▶ _Supplied material_

====

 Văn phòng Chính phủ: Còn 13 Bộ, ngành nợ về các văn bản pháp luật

====

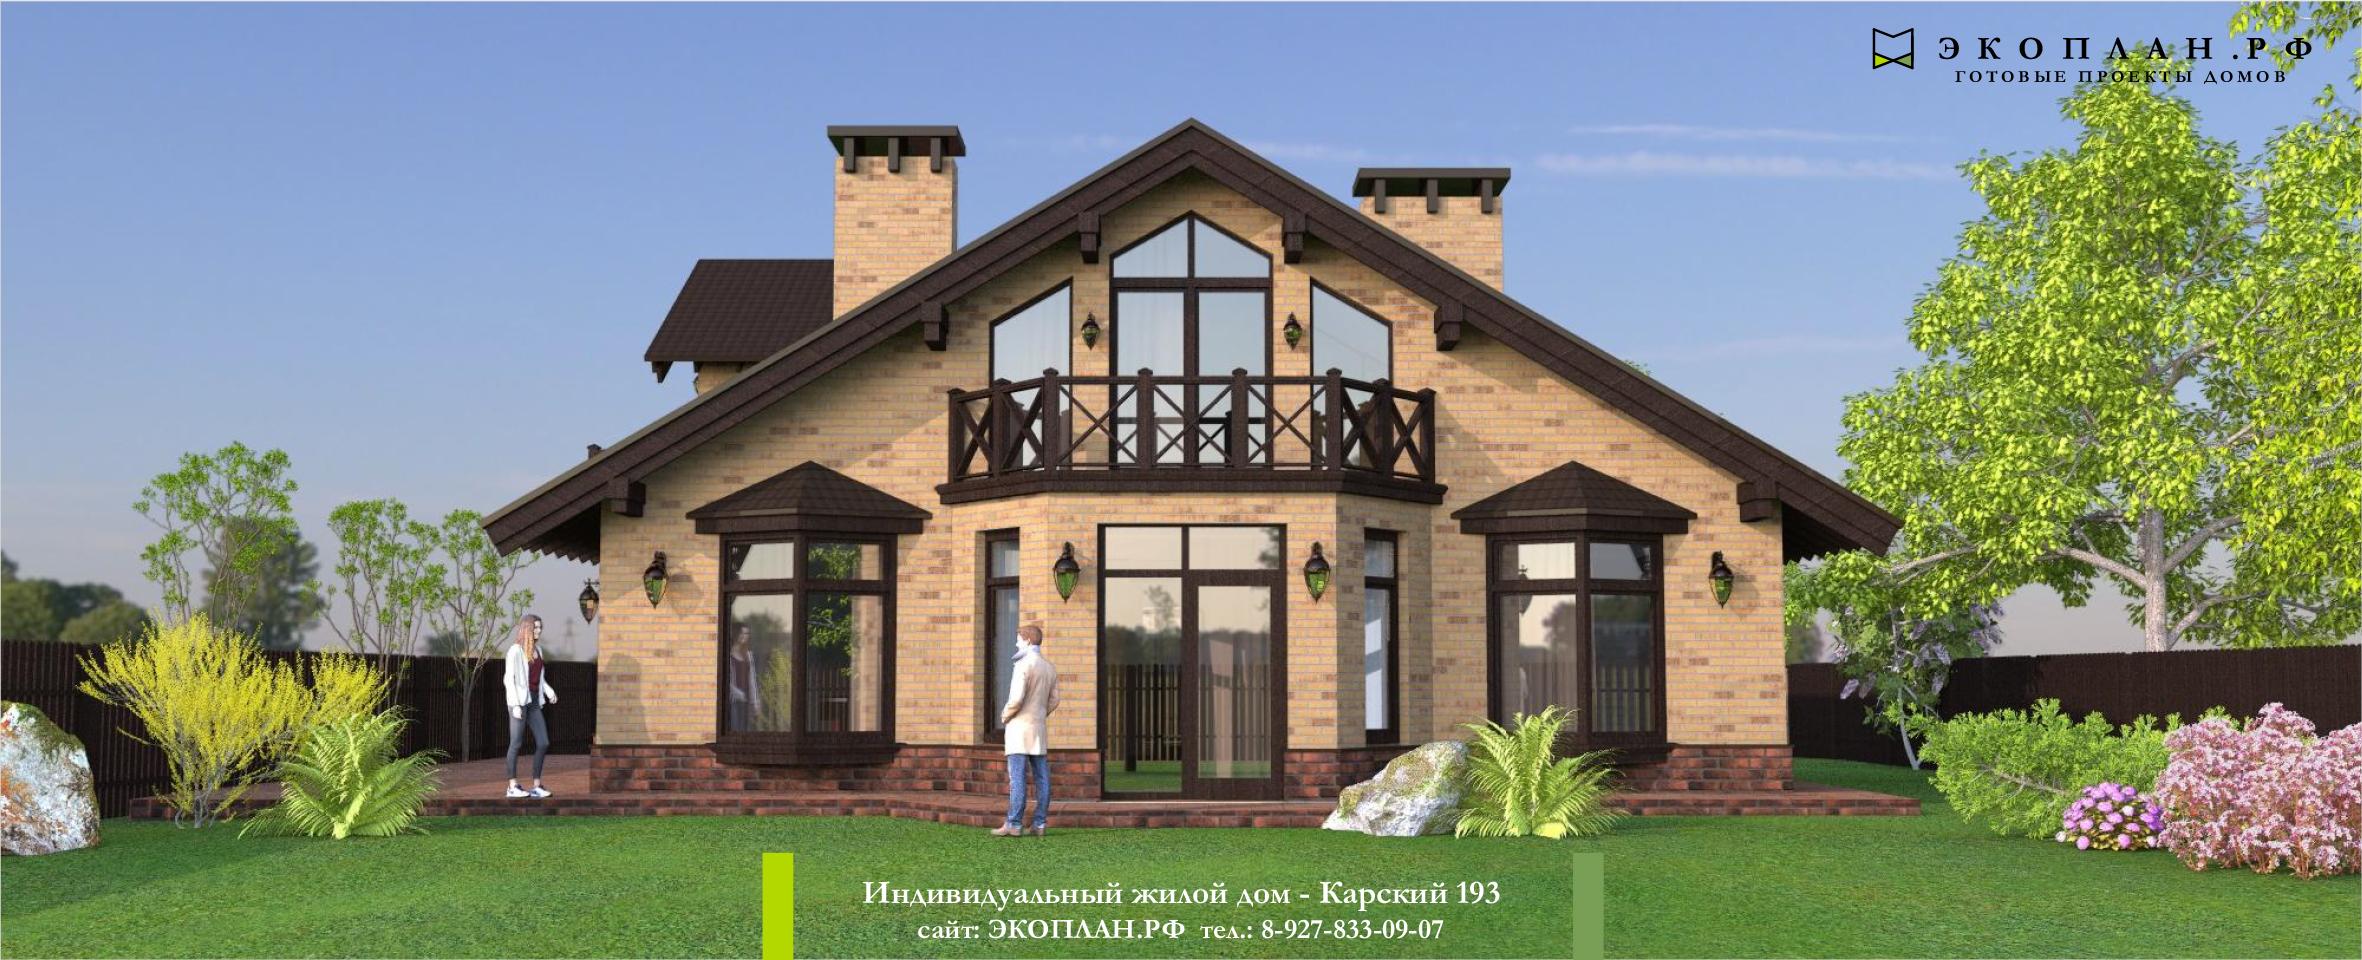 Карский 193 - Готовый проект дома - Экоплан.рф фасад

====

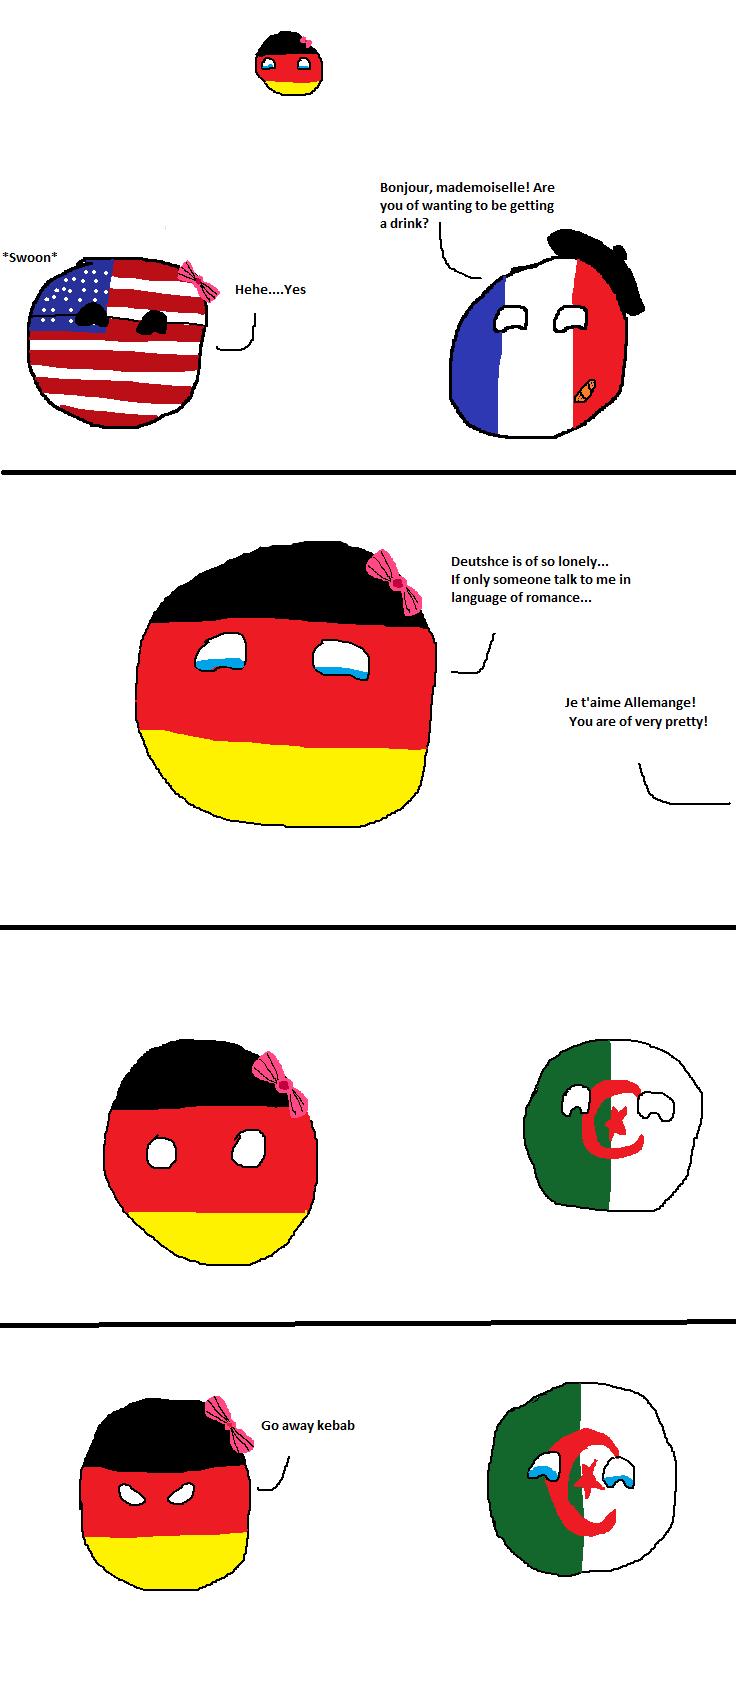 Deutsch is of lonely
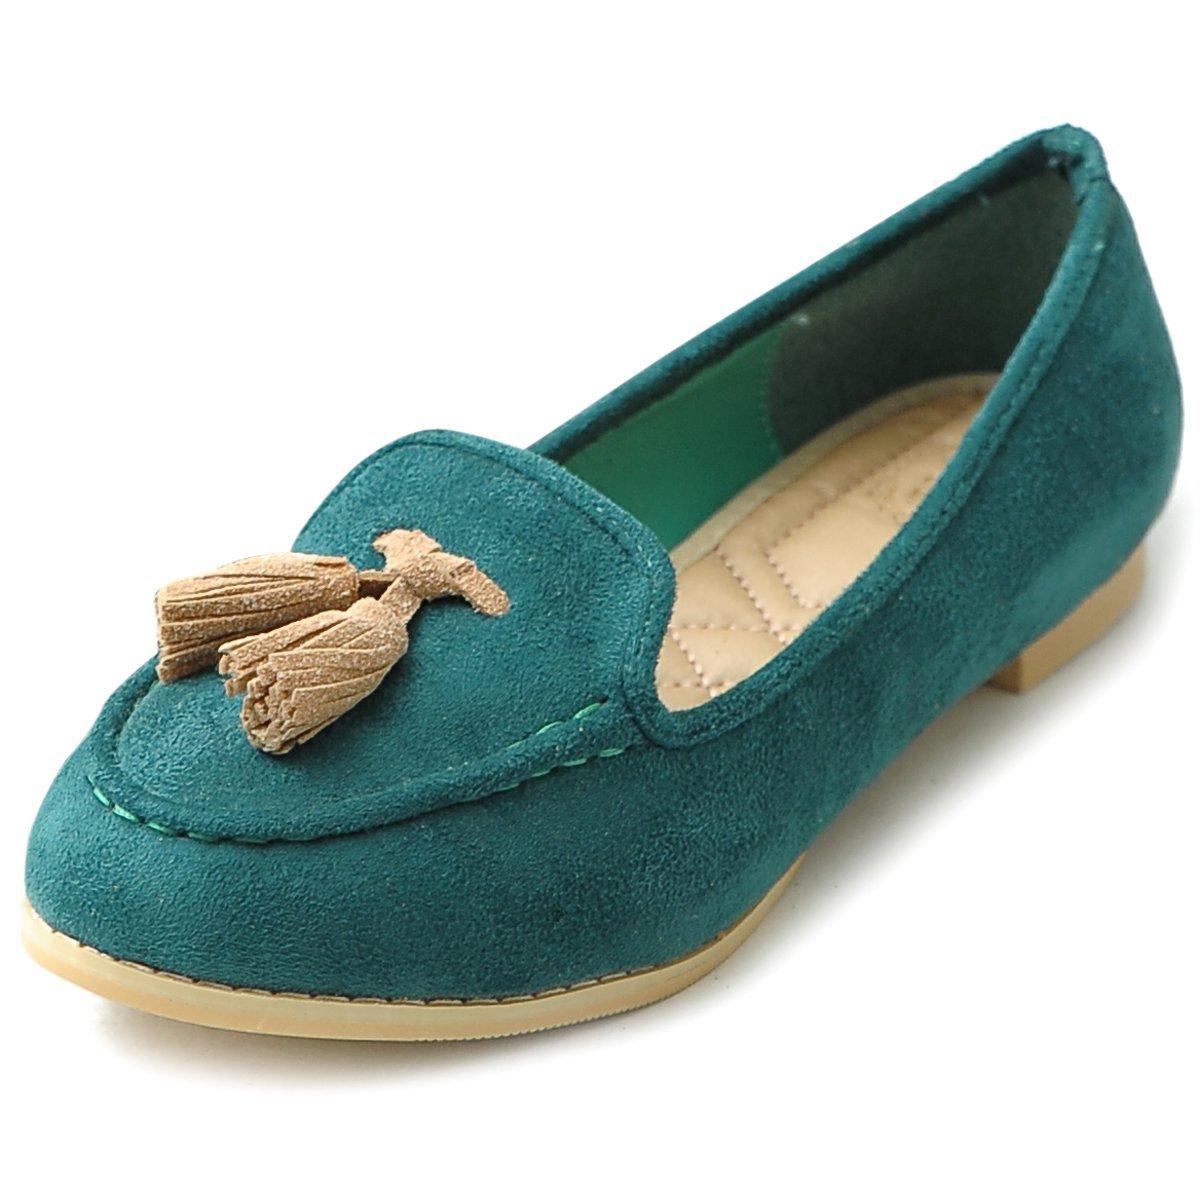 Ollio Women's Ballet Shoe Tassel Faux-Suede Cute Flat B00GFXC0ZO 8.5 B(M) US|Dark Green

====

▶ _Task description_
Above are the records; restate exactly the lines from the one containing "Deutsch is of lonely" through the one containing "Ollio Women's Ballet", keeping pictures out.

▶ _Written solution_
 Deutsch is of lonely
 Ollio Women's Ballet Shoe Tassel Faux-Suede Cute Flat B00GFXC0ZO 8.5 B(M) US|Dark Green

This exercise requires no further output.